**Task to complete:**
Reproduce the listing word for word, leaving every picture behind.

**Given information:**
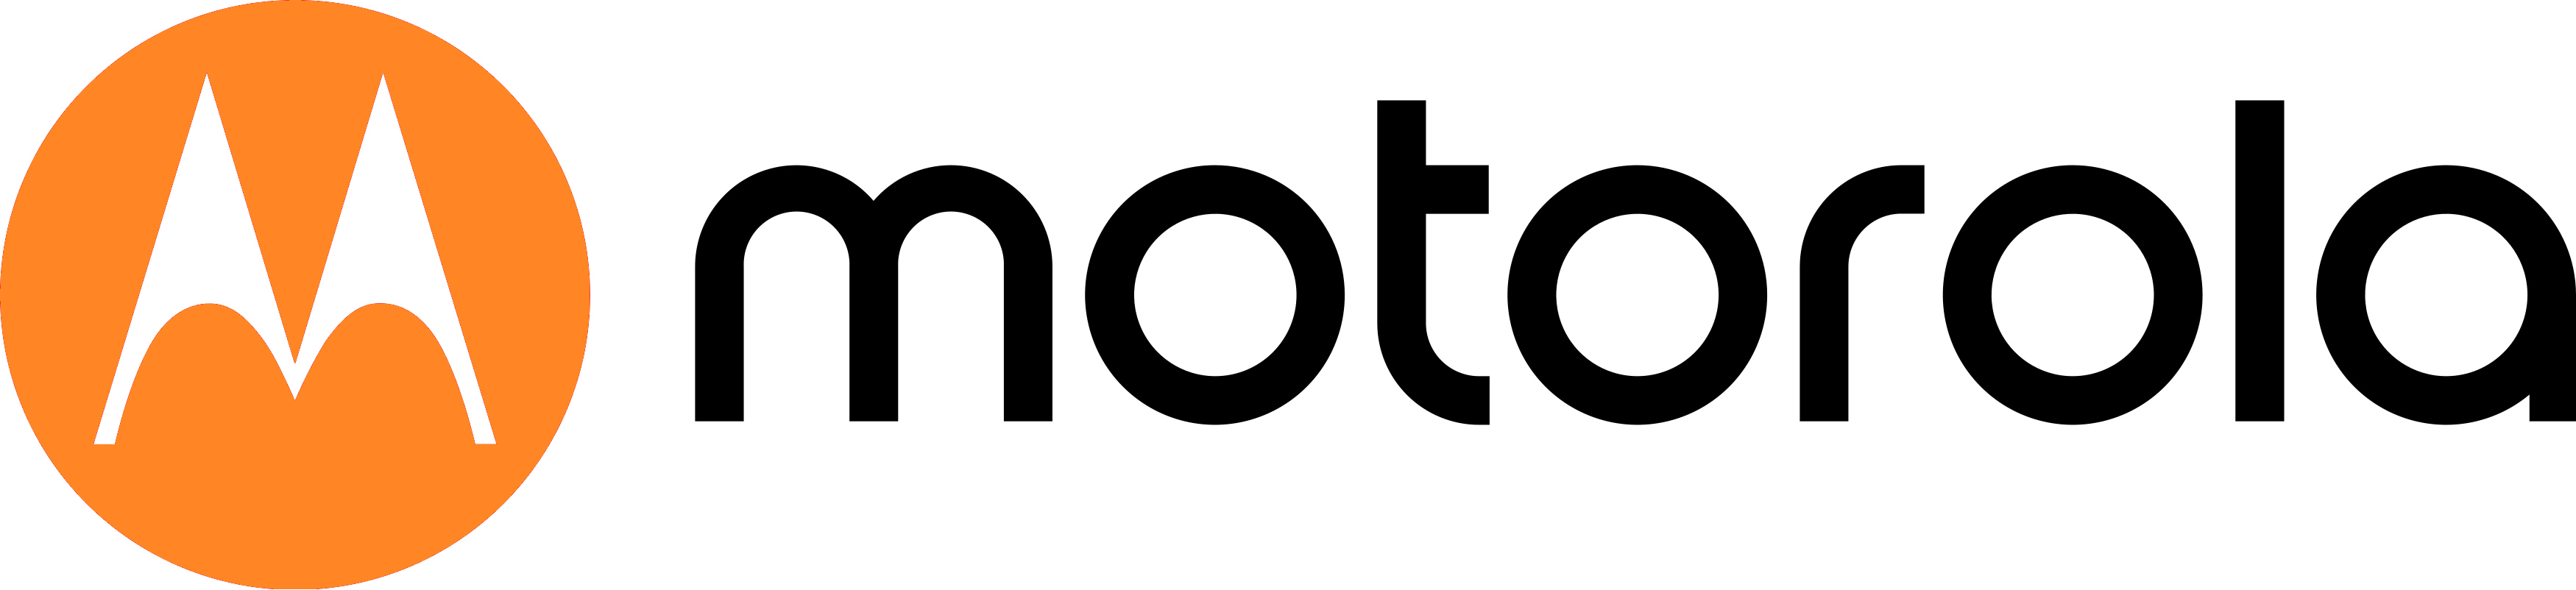 La “eMsignia” de Motorola es un emblema que perduró a través de los años, el cual la gente relaciona estrechamente con la marca.
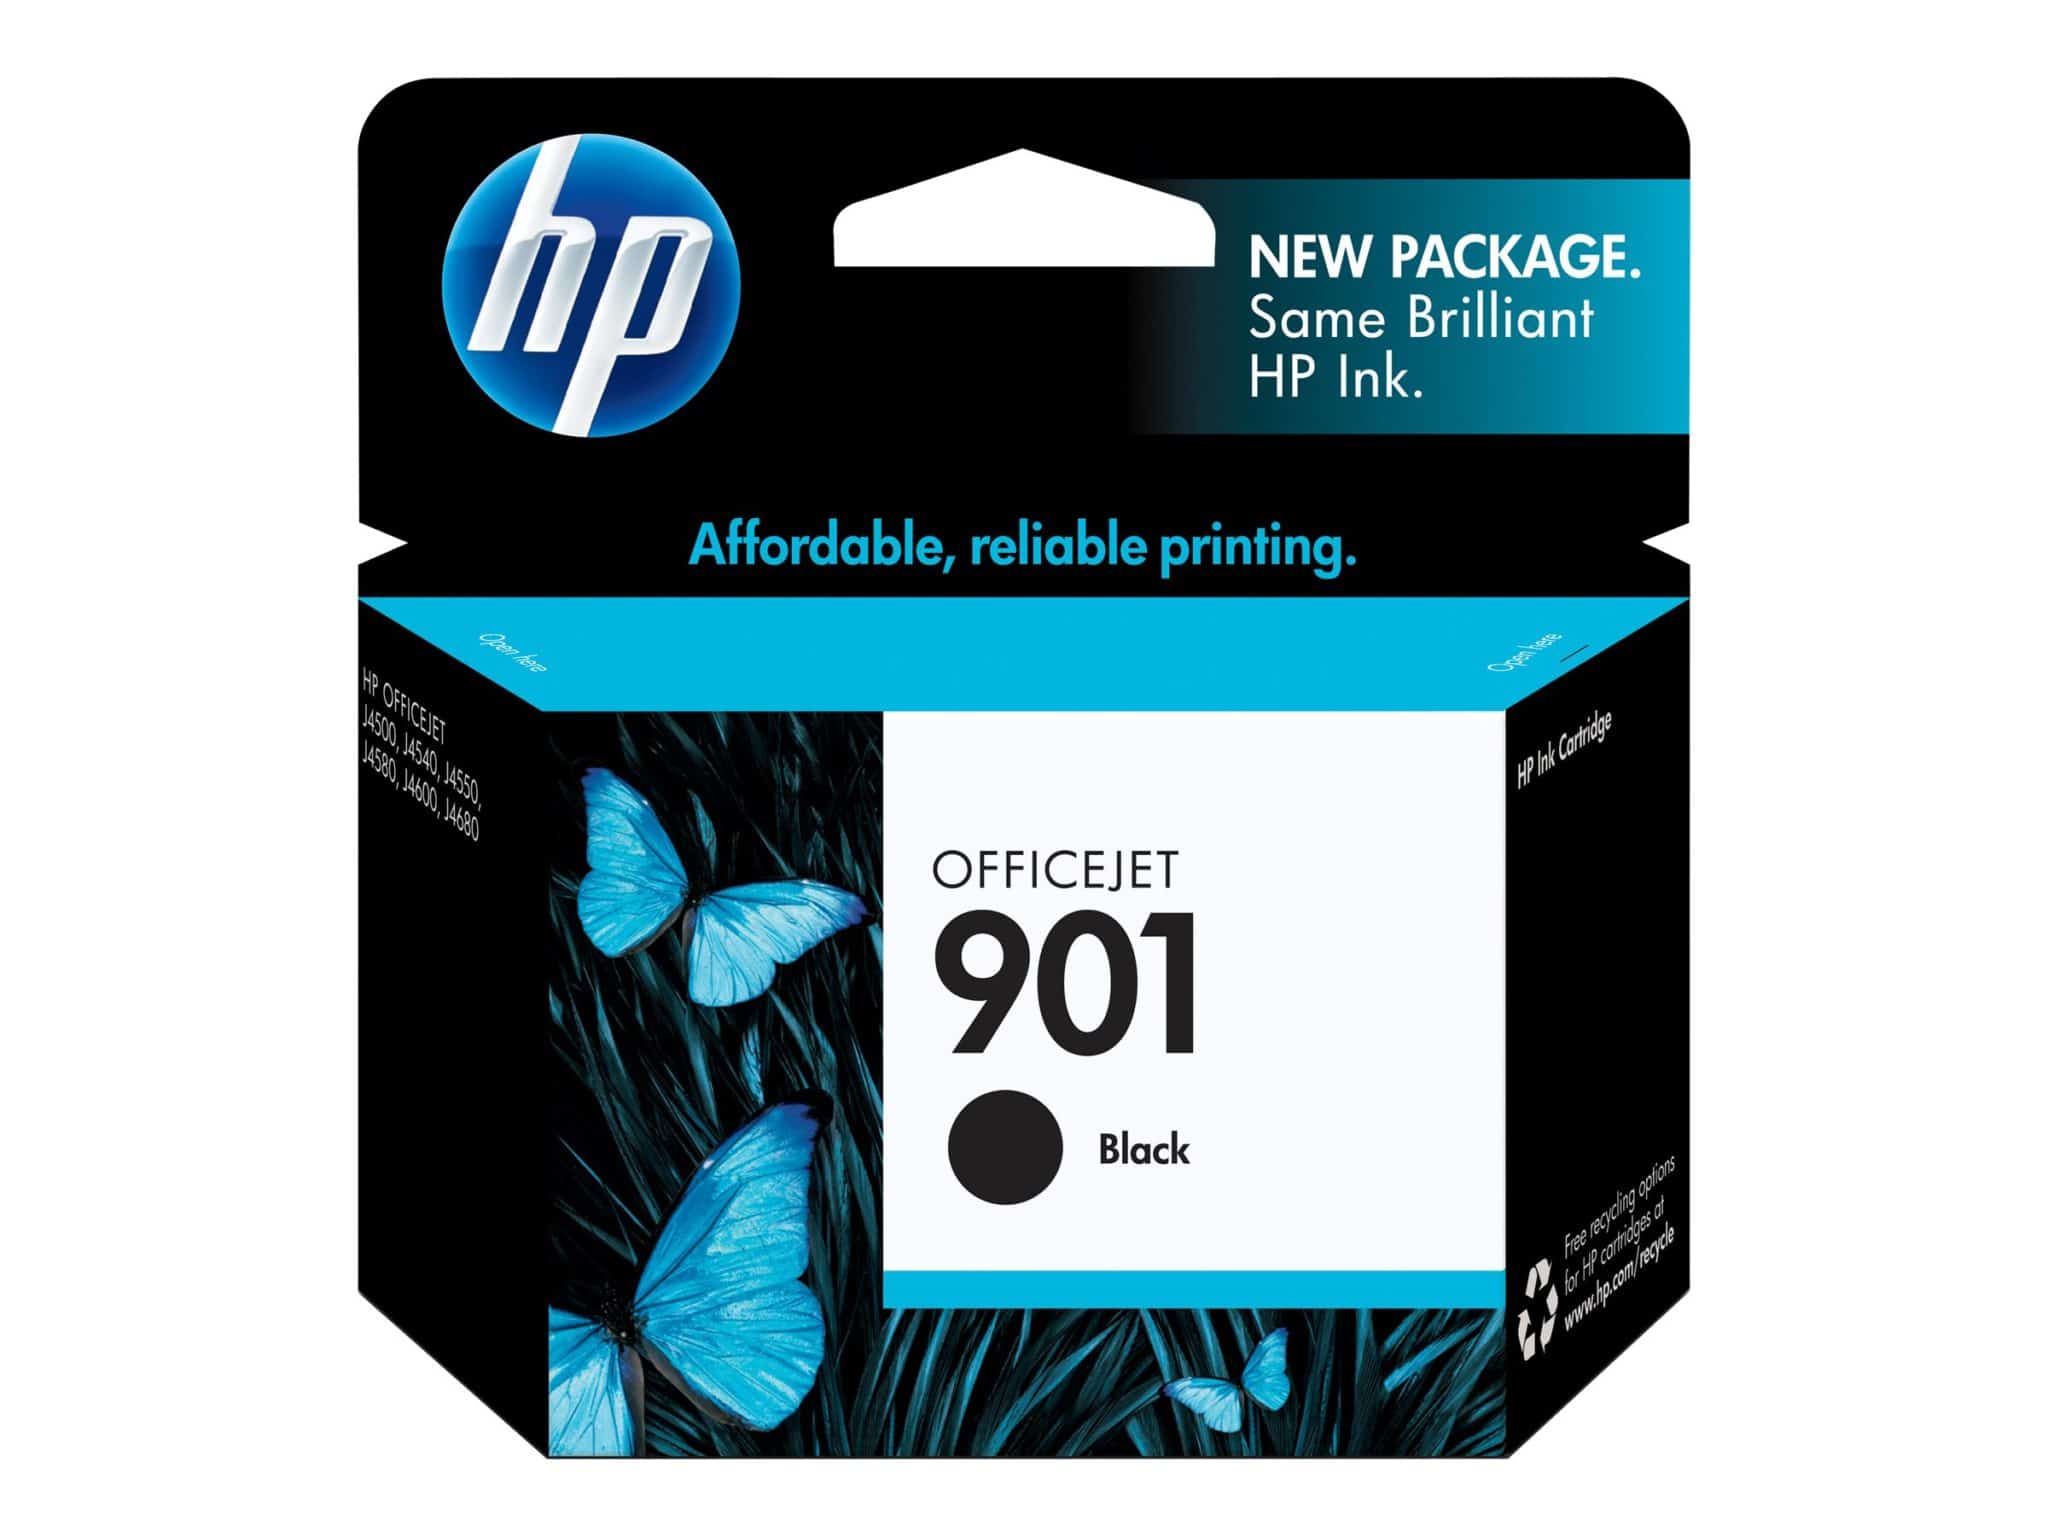 HP 901 Black Original OfficeJet Ink Cartridge
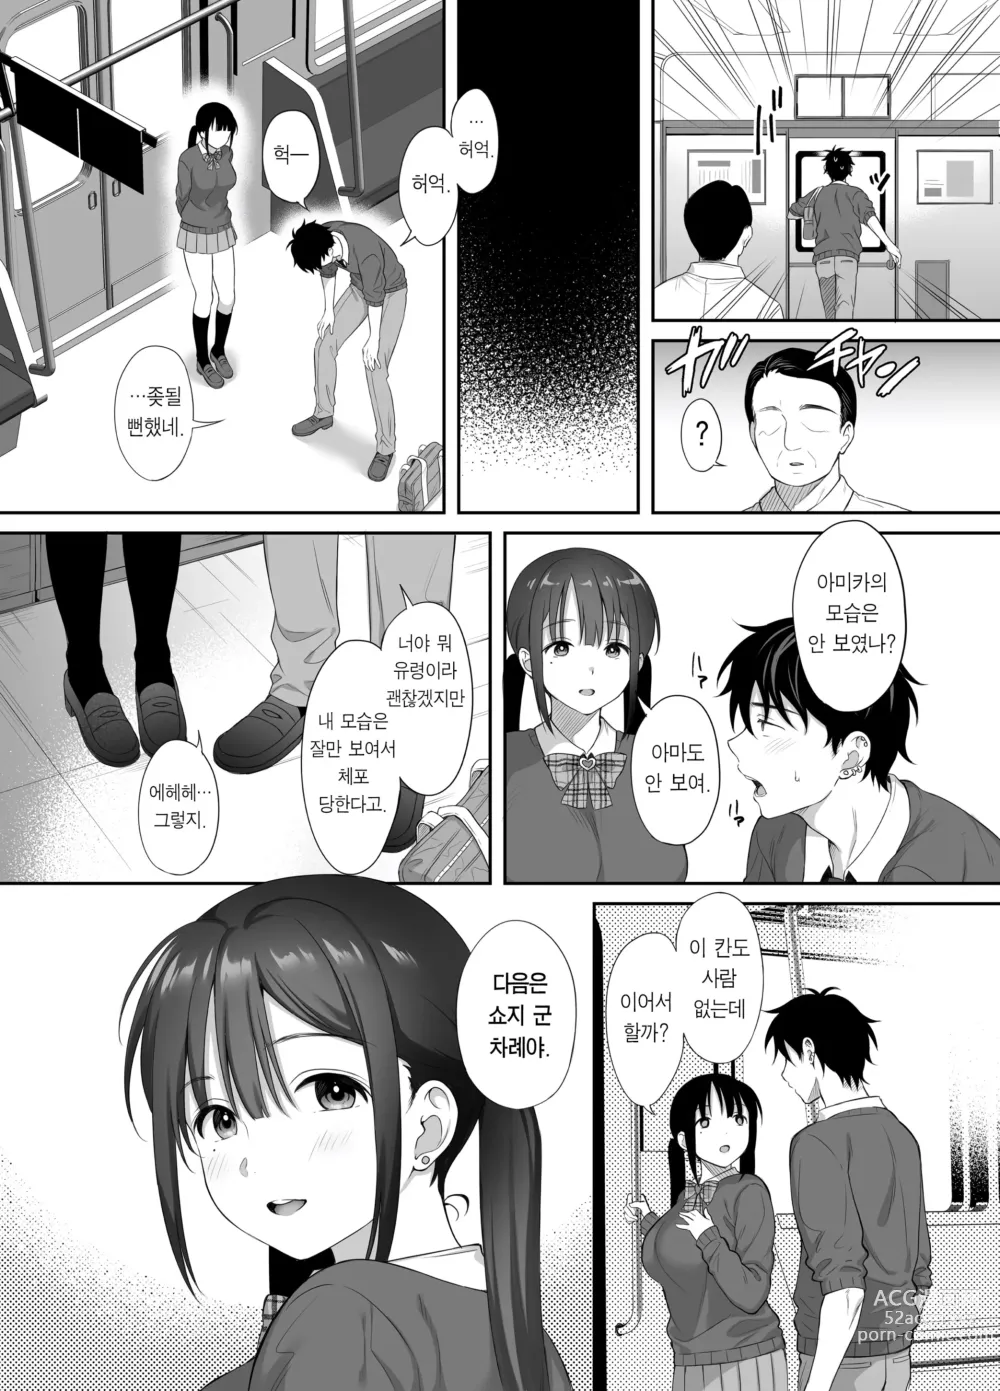 Page 32 of doujinshi 폐허에서 지뢰녀랑 밤새 질내사정 섹스한 이야기 2

**Reply to the task:**
 La “eMsignia” de Motorola es un emblema que perduró a través de los años, el cual la gente relaciona estrechamente con la marca.
 HP 901 Black Original OfficeJet Ink Cartridge
 Page 32 of doujinshi 폐허에서 지뢰녀랑 밤새 질내사정 섹스한 이야기 2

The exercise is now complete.